# Thread: Zeroes of a function

1. ## Zeroes of a function

First of all, apologies if this is in the wrong section It's a calculus problem but I'm stuck on the Algebra of it.

I'm supposed to find the critical numbers of f(x)=x^(3/4)-2x^(1/4).
I found the derivative to be f'(x)= (3/4)x^(-1/4)-(1/2)x^(-3/4), but for the life of me I can't remember how to go about finding it's zeroes.
I know one of them is x=0, and the book says another is x=4/9, but how do I get that? Thanks for any and all help in advance.

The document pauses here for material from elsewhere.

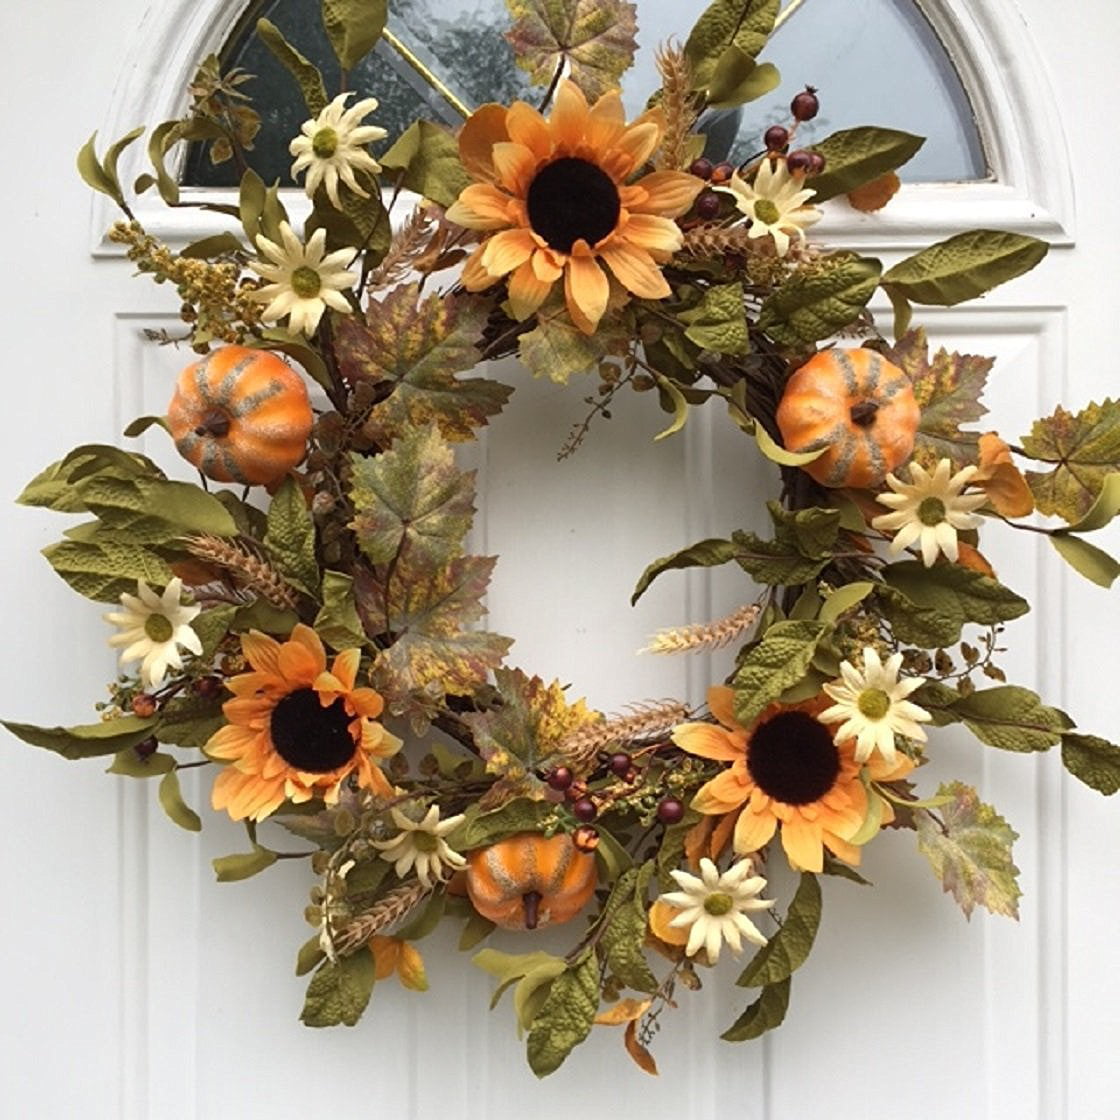 Bibelot 20 inches Fall Wreath Berry Pumpkin Sunflower Daisy Chrysanthemum Flowers Wreath for Front Door Window Autumn Outdoor Indoor Home Decor… 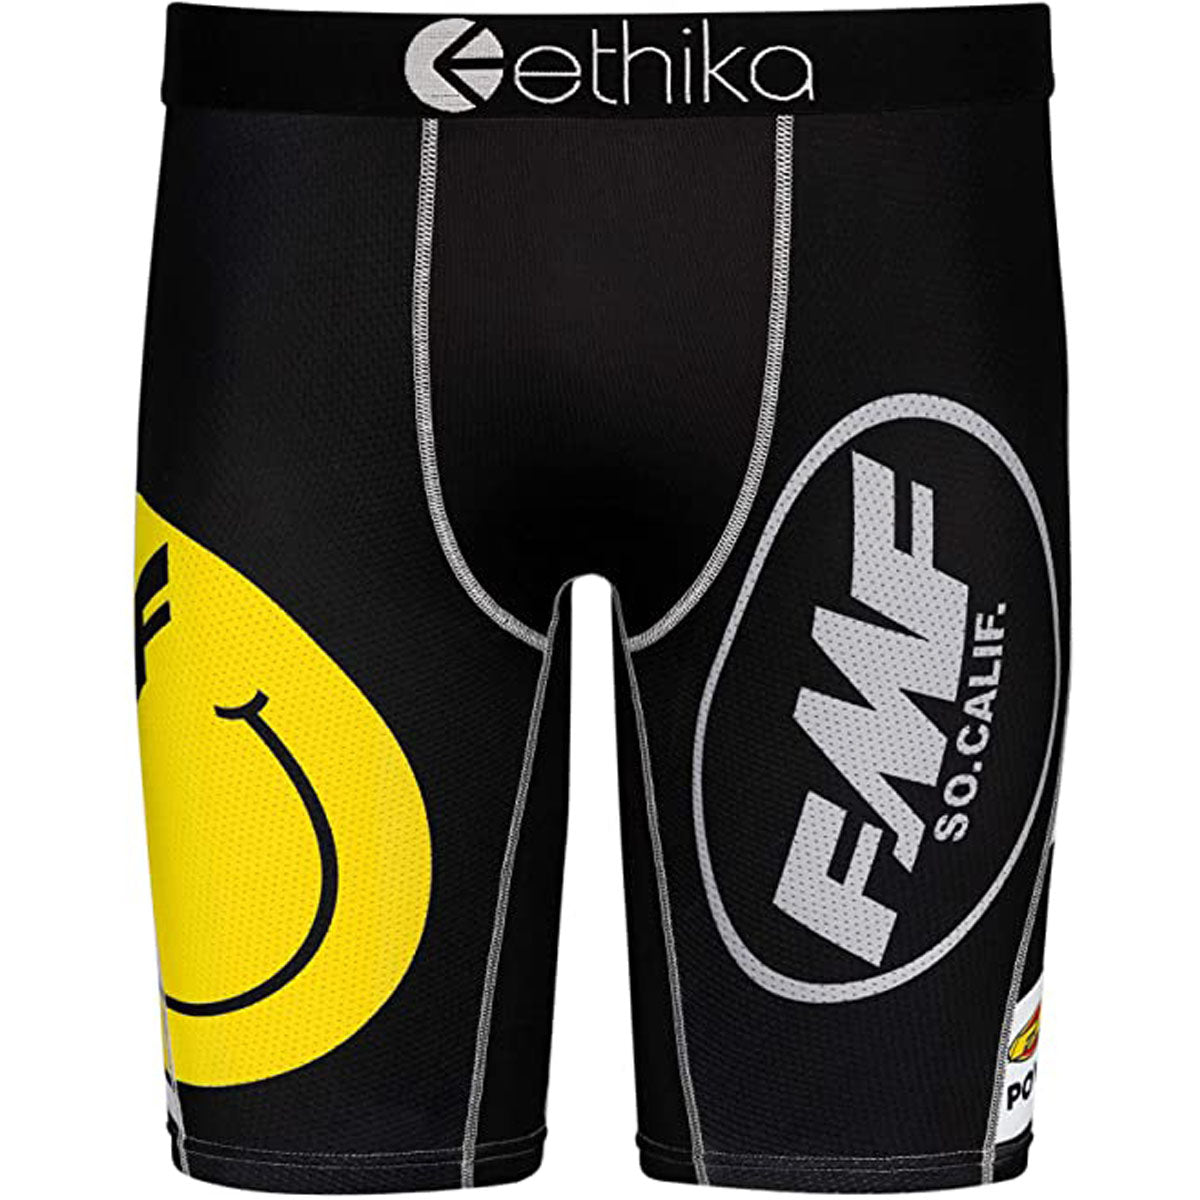 Ethika The Staple FMF WFO Underwear - ExtremeSupply.com

2. ## Re: Zeroes of a function

$\displaystyle f'(x)= \frac{3}{4}x^{\frac{-1}{4}}-\frac{1}{2}x^{\frac{-3}{4}}$

$\displaystyle 0=\frac{3}{4}x^{\frac{-1}{4}}-\frac{1}{2}x^{\frac{-3}{4}}$

$\displaystyle 0=3x^{\frac{-1}{4}}-2x^{\frac{-3}{4}}$

For a clearer understanding of what we have:

$\displaystyle 0=\frac{3}{\sqrt[4]{x}}-\frac{2}{\sqrt[4]{x^3}}$

$\displaystyle \frac{2}{\sqrt[4]{x^3}}=\frac{3}{\sqrt[4]{x}}$

$\displaystyle 2\sqrt[4]{x}=3\sqrt[4]{x^3}$

Raising both sides to the 4th power:

$\displaystyle 16x=81x^3$

$\displaystyle 81x^3-16x=0$

$\displaystyle x(81x^2-16)=0$

3. ## Re: Zeroes of a function

How did you go from 2/x^(3/4)=3/x^(1/4) to 2x^(1/4)=3x^(3/4)?

4. ## Re: Zeroes of a function

Originally Posted by TheDarkNight93
How did you go from 2/x^(3/4)=3/x^(1/4) to 2x^(1/4)=3x^(3/4)?
I would say he cross-multiplied the fractions ...

if $\displaystyle \frac{a}{b} = \frac{c}{d}$ , then $\displaystyle ad = bc$

5. ## Re: Zeroes of a function

Thanks, thats a lot of help. It's embaressing that I don't remember this (3-4 years ago). Could anyone point me towards a basic algebra review to help refresh my memory on this kind of stuff?